Building Machine Learning Models with Privacy by Design in Mind

Machine Learning (ML) methods can identify patterns that describe humans’ behaviours. This can only happen when the methods are given enough data to train on. Depending on the type of data at hand, these methods can model and be trained to detect distinct behaviours, properties or characteristics of users. Using such models, their owners can then predict what a user may or may not do with high confidence in a future setting. Some of these behaviours can be also described as weaknesses of users (e.g., “When is the user more likely to buy ice-cream or chocolate?”, or “When is the user more likely to default on their loan”) and can help the ML method owner to manipulate users for his advantage (e.g., to make more sales of ice-cream or chocolate, or select more carefully who to give loans and when).

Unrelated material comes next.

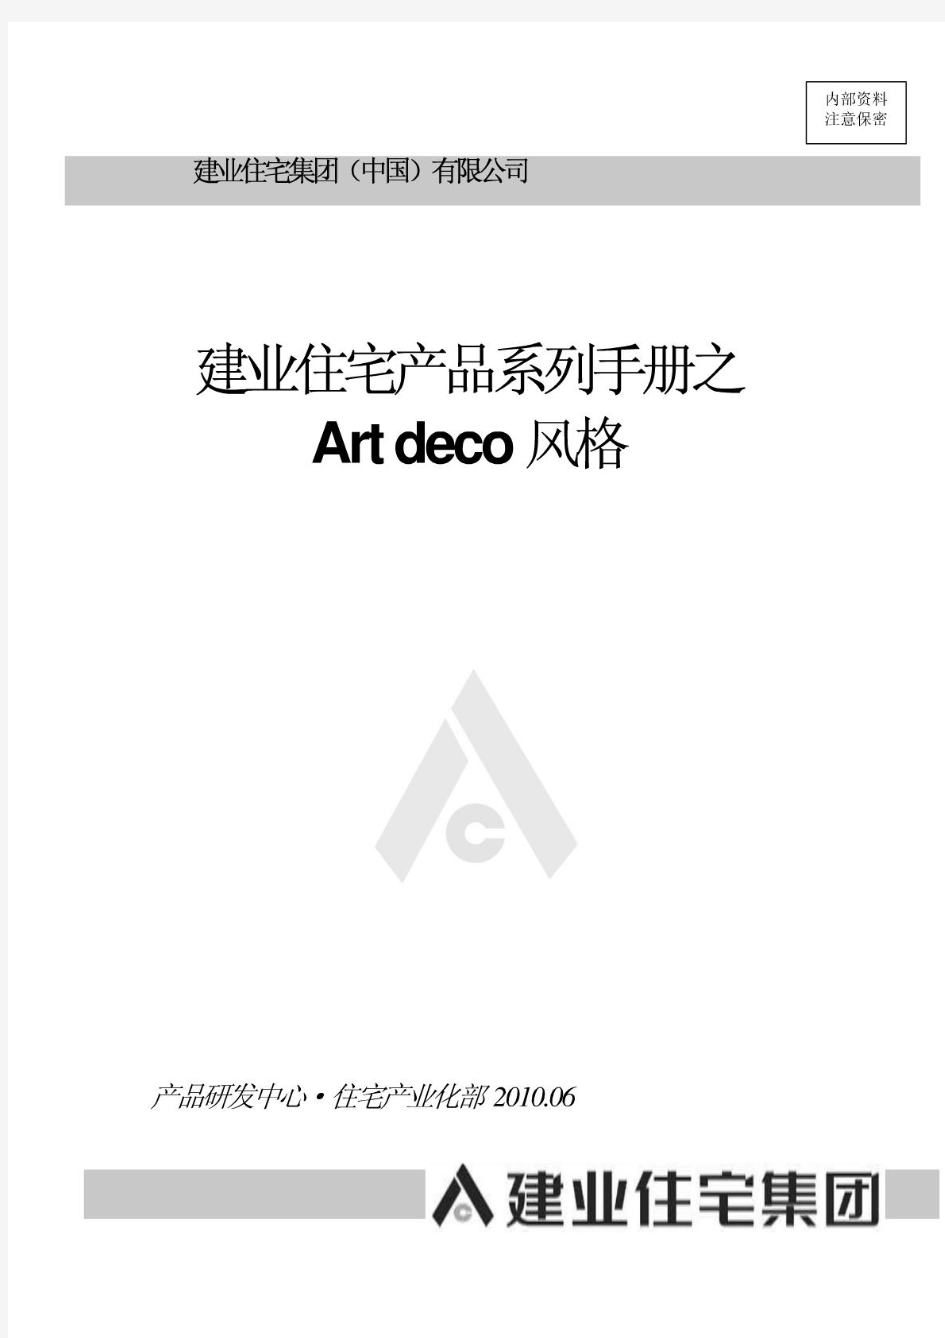 建业住宅产品系列手册artdeco风格

Such ML methods are used in many systems and platforms in our lives: online websites, applications or programs, devices, etc. They facilitate the modelling and prediction of clicks on articles inside or across webpages, clicks on ads, sales of products, etc., the modelling of user selection in different contexts such as consumption of music, audio and video clips, books, clothes, movies and other purchases, and offering recommendations what item to view, read, or buy next. In such examples, and many other settings, users cannot process all possible options available from the platform. Therefore, they get encouraged, or even conditioned to select from within the recommendations and predictions of the ML method.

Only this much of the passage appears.